I crash into him, with a force borne of both desperation and momentum, but he doesn’t go over. He is steady as he wraps his arms around me, keeping us both upright. My hands tangle in his shirt, searching him for injury. I cling to him, the camp a blurred whirlwind around us, praying that infernal grin of his will appear and he’ll save both our lives.

His skin is fevered against mine. He glances down at me once, his eyes pale and bright through his thick lashes. His lips part in surprise and something unspoken sparks between us. Before I can consider it, Shaw throws me behind him.

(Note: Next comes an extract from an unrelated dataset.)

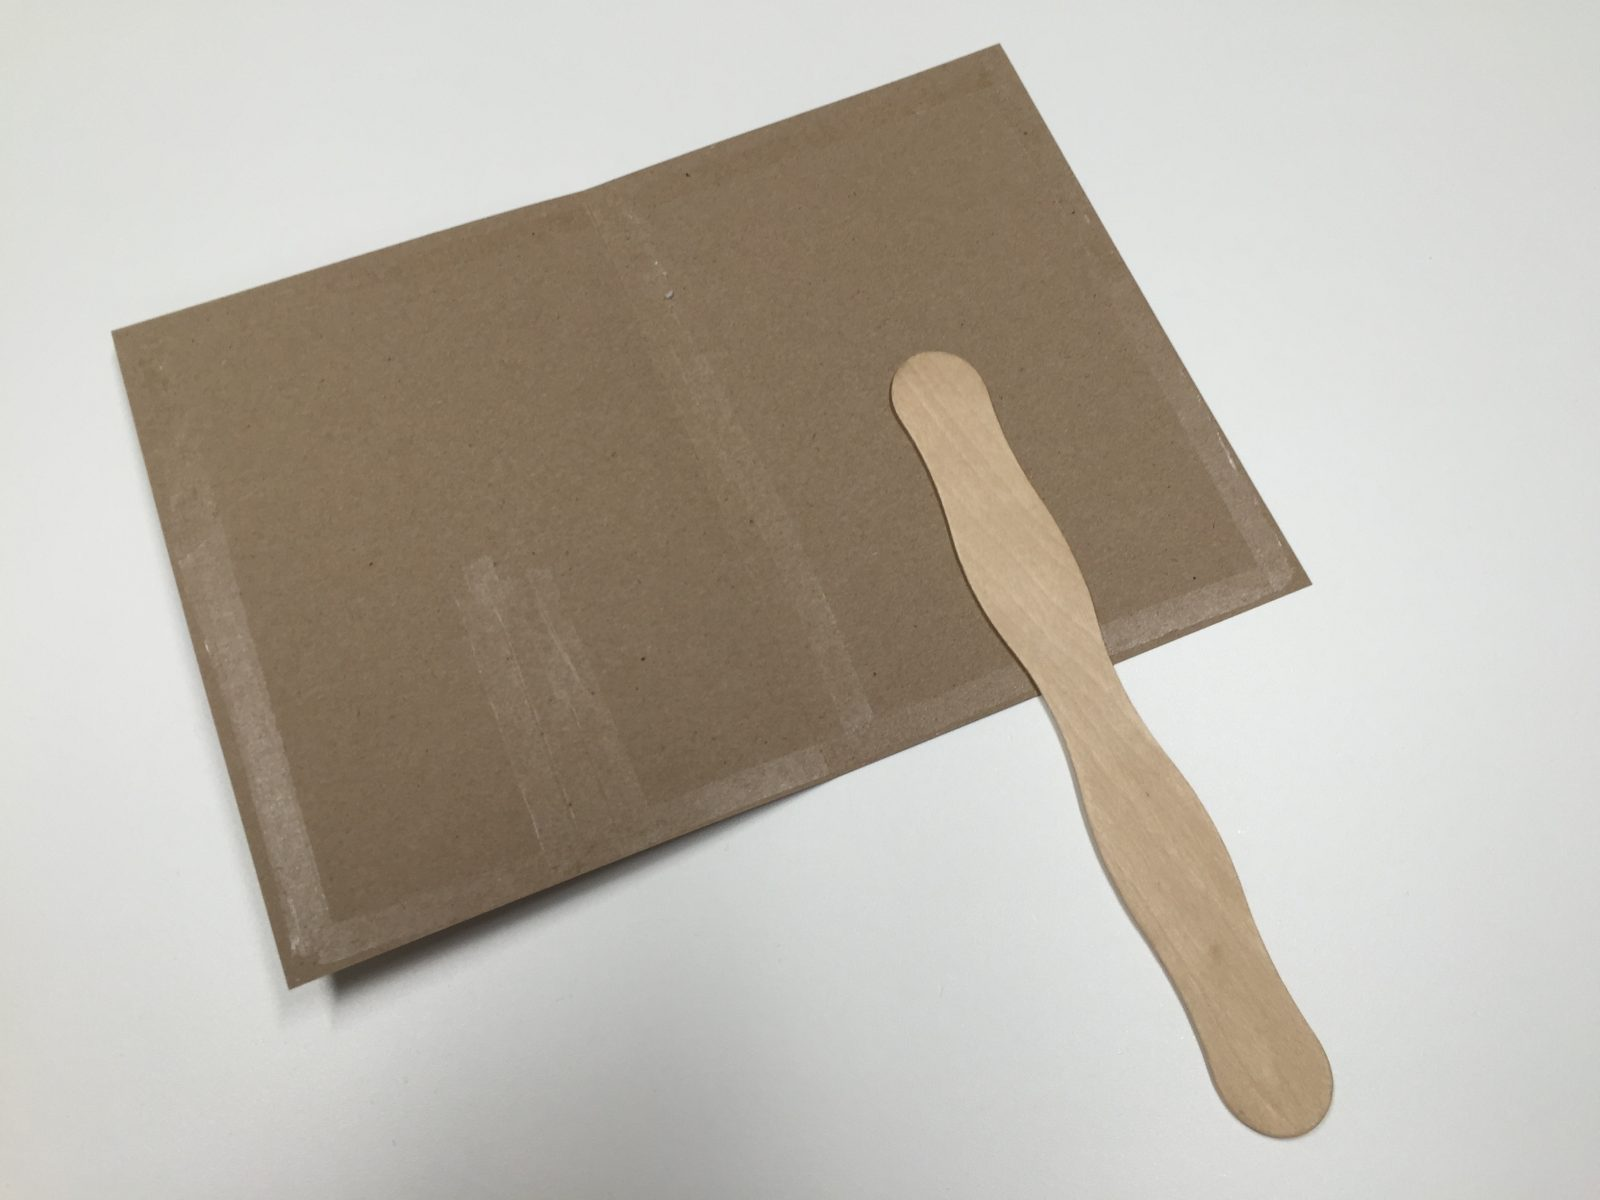 Glue paddle stick

He yanks a sword from one of the unconscious soldiers littering the ground and snaps it up just as Dumi slashes hers toward his chest. The clang of steel rings out and the sound frees Shaw from whatever bound him. He spins and arcs and weaves, his long limbs moving in a graceful dance of blood. He glances over his shoulder as he swings the sword in an elegant arc, succinctly disarming the blonde soldier, but his eyes hold no victory.

They are fixed on Shivhai moving toward the pistol once more.

I propel my body forward, my mind straining against me.Hide, Mirren! Don’t put yourself in his sights once again.

But I can’t, because if Shivhai reaches that gun, it isn’t just Shaw that will die. It’s both of us.

I reach it just before he does, the metal cool and foreign against my skin. He roars in frustration and swings his thick arm out in front of him. I dance backward, the gun trembling in my hand. The wound Shaw gave him bleeds freely and I wonder if it’s too much to hope that he will just bleed out.